= Hugh Anderson (theologian) =

British theologian

Hugh Anderson FRSE (1920-2003) was a Scottish theologian who served as Professor of the New Testament at the University of Edinburgh for over 20 years.

==Life==

Anderson was born in Galston, Ayrshire on 18 May 1920, the son of Jeannie Muir and her husband Hugh Anderson . He was educated at Galston Primaty School then Kilmarnock Academy, going on to study Classics and Semitic Languages at the University of Glasgow.
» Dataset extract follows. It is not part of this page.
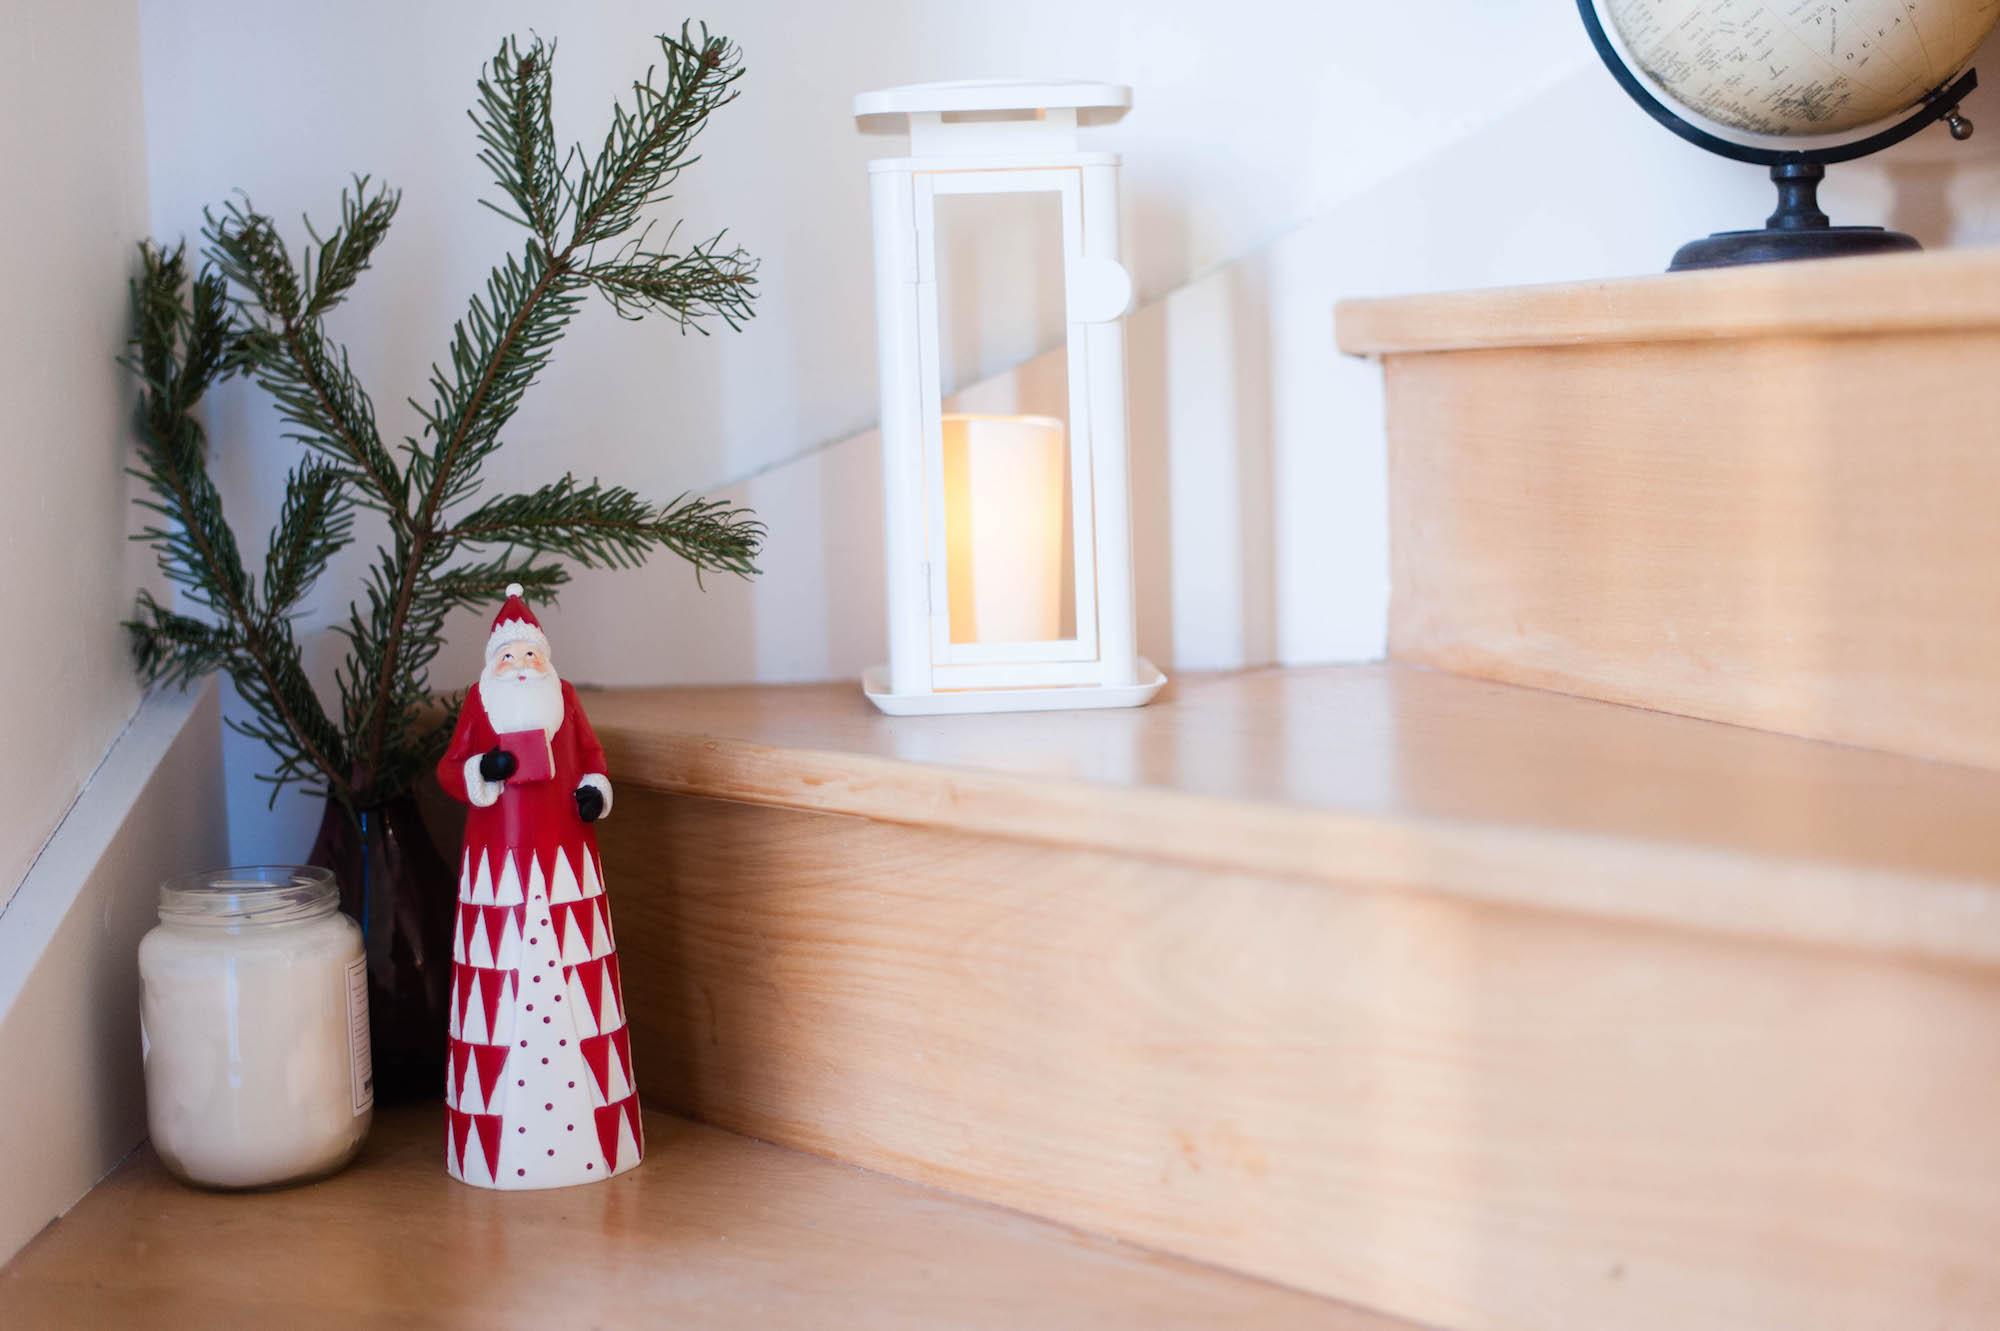 déco de Noël - rouge vert

In the post-war period 1945/6 he was part of the Huts and Canteens Scheme in Egypt and Palestine before returning to the University of Glasgow to lecture on the Old Testament. In this period he gained his first doctorate (PhD) on the New Testament. In this same period he was also minister of Trinity Church in Pollockshields in Glasgow.

In 1957 he left Scotland to become Professor of Biblical Criticism at Duke University in North Carolina, USA. Much in demand, he preached at the Riverside Church in New York and at the Washington National Cathedral.
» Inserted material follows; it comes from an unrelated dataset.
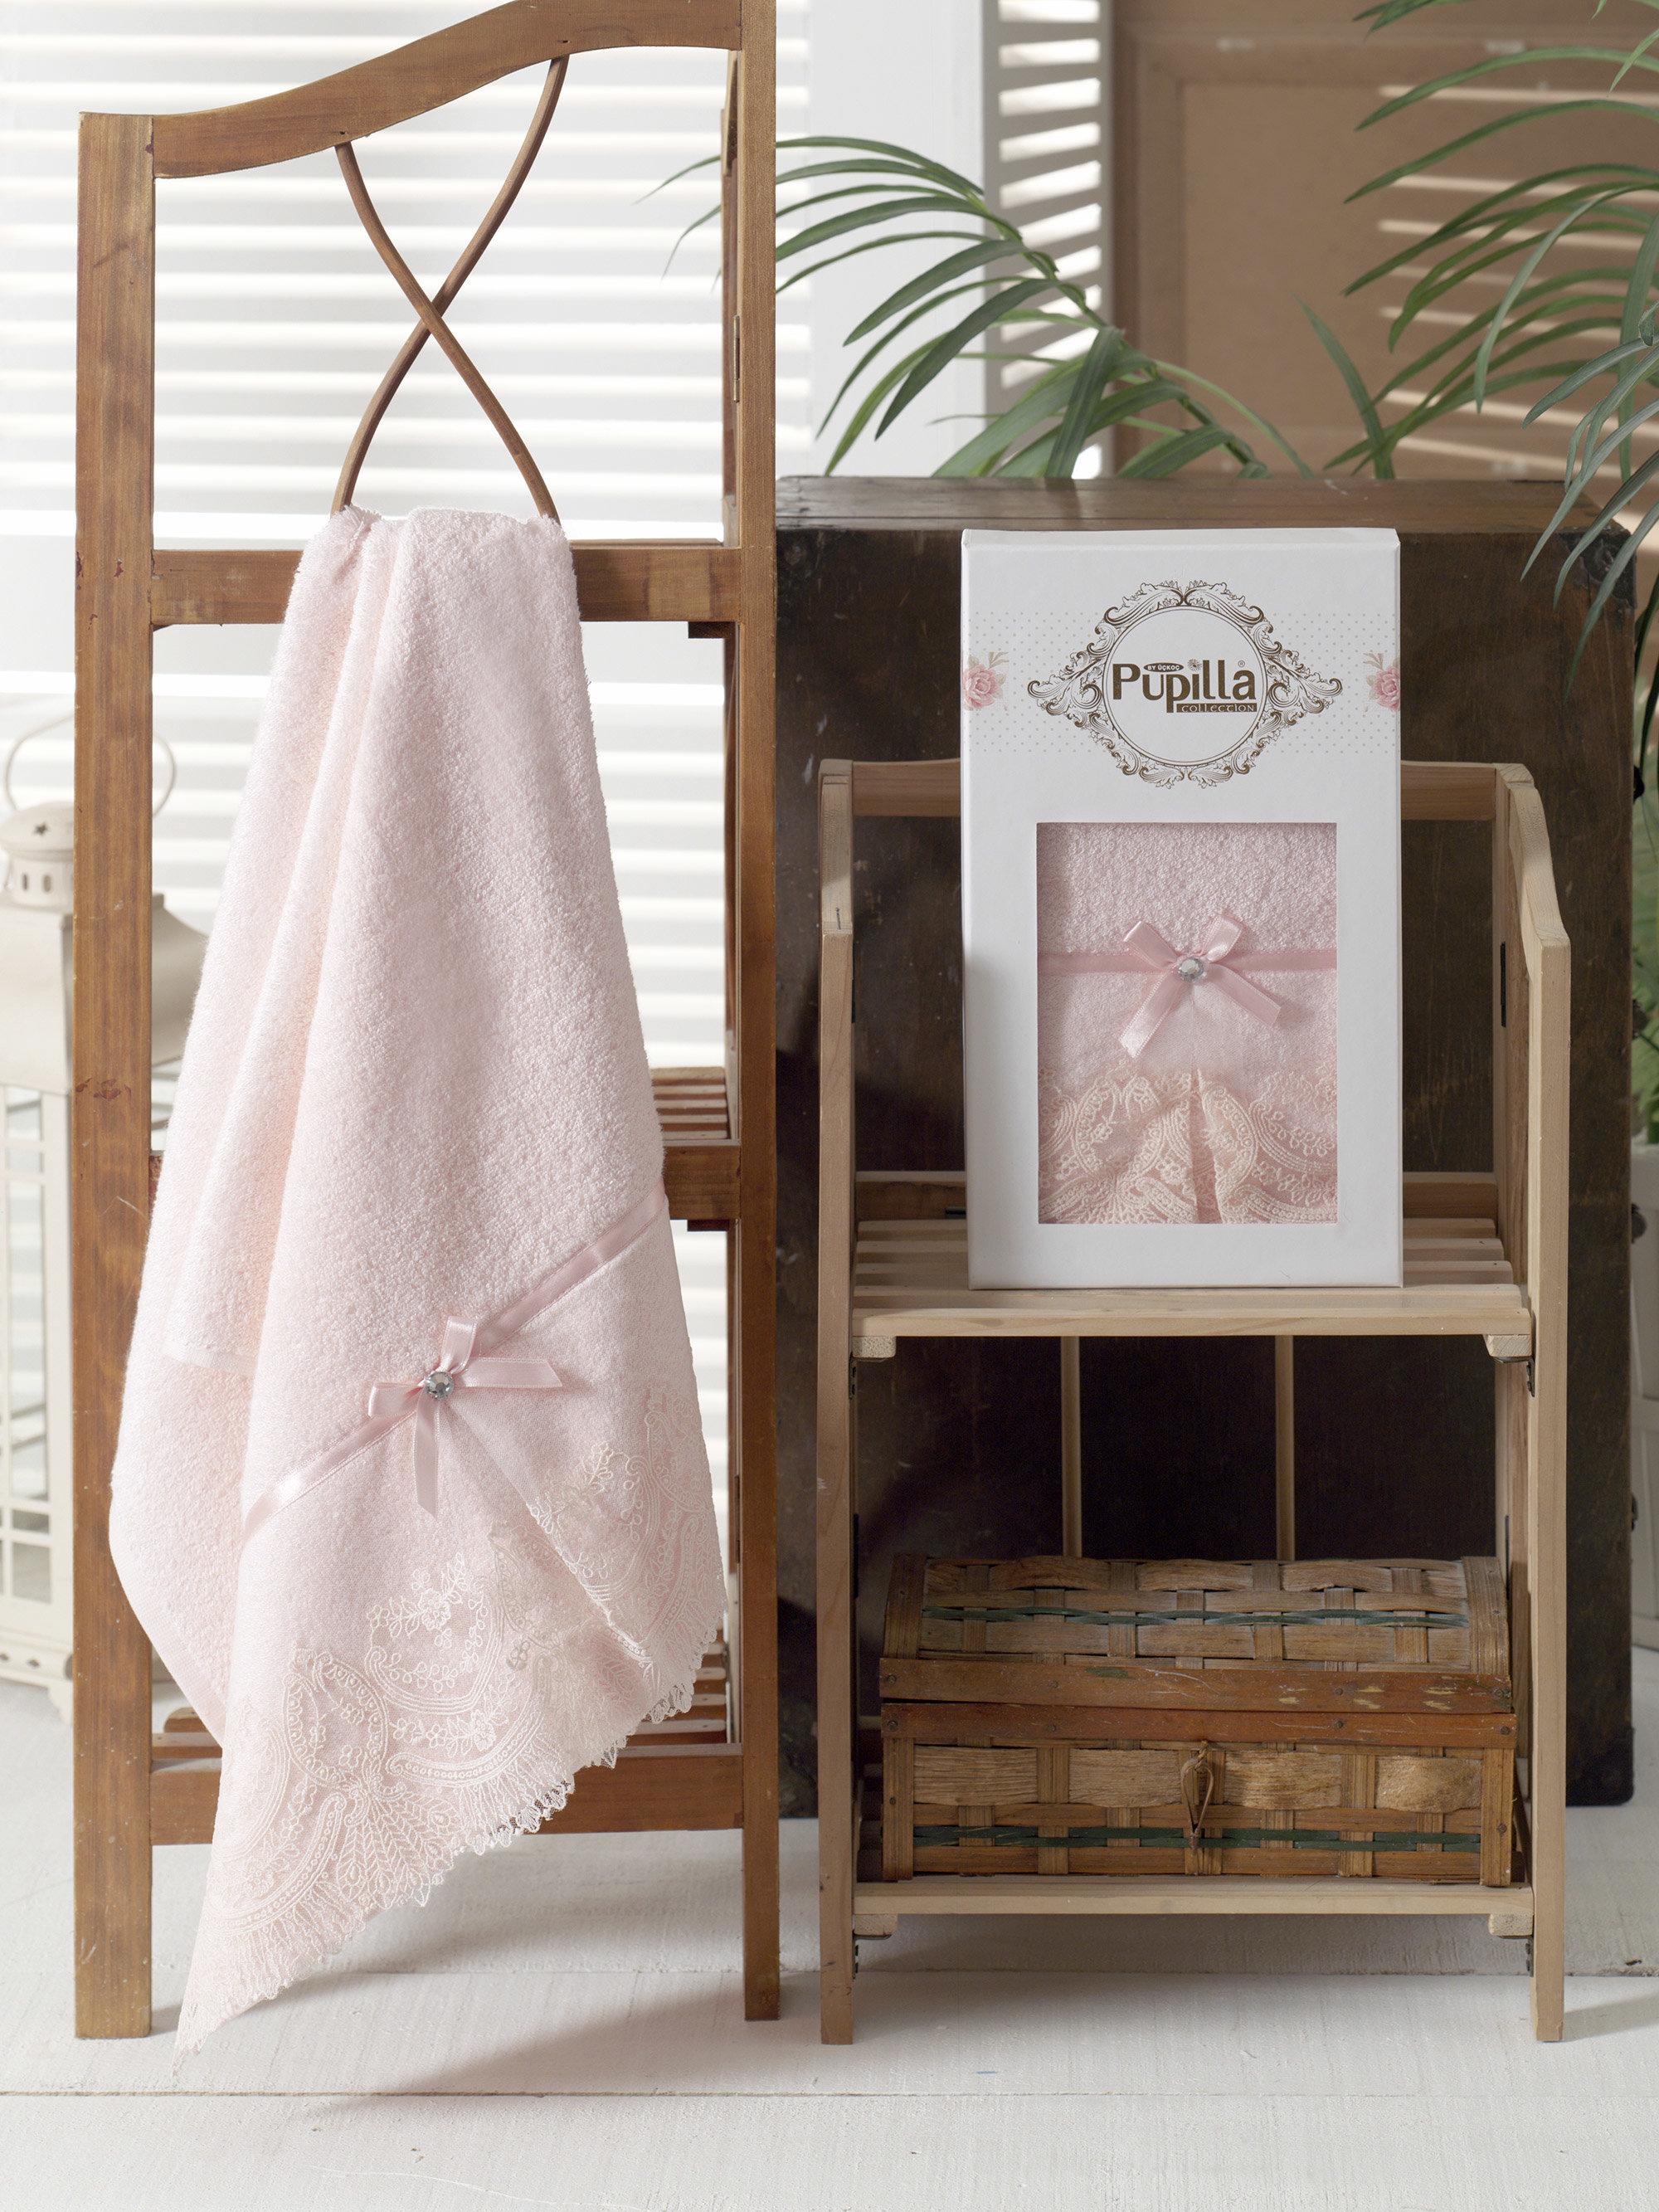 Полотенца Pupilla Полотенце Vita Цвет: Розовый (50х90 см) майка послеродовая nuova vita бесшовная цвет белый 14972 размер xl 48 50

In 1966 he returned to Scotland as Professor of New Testament replacing Prof J. S. Stewart.

In 1987 he was elected a Fellow of the Royal Society of Edinburgh.

He died on 14 January 2003.

==Publications==

- Jesus and Christian Origins (1964)
- Jesus (1968)
- The Gospel of Mark (1976)

==Family==

In 1945 he was married to Jean Goldie Torbit and they had three children.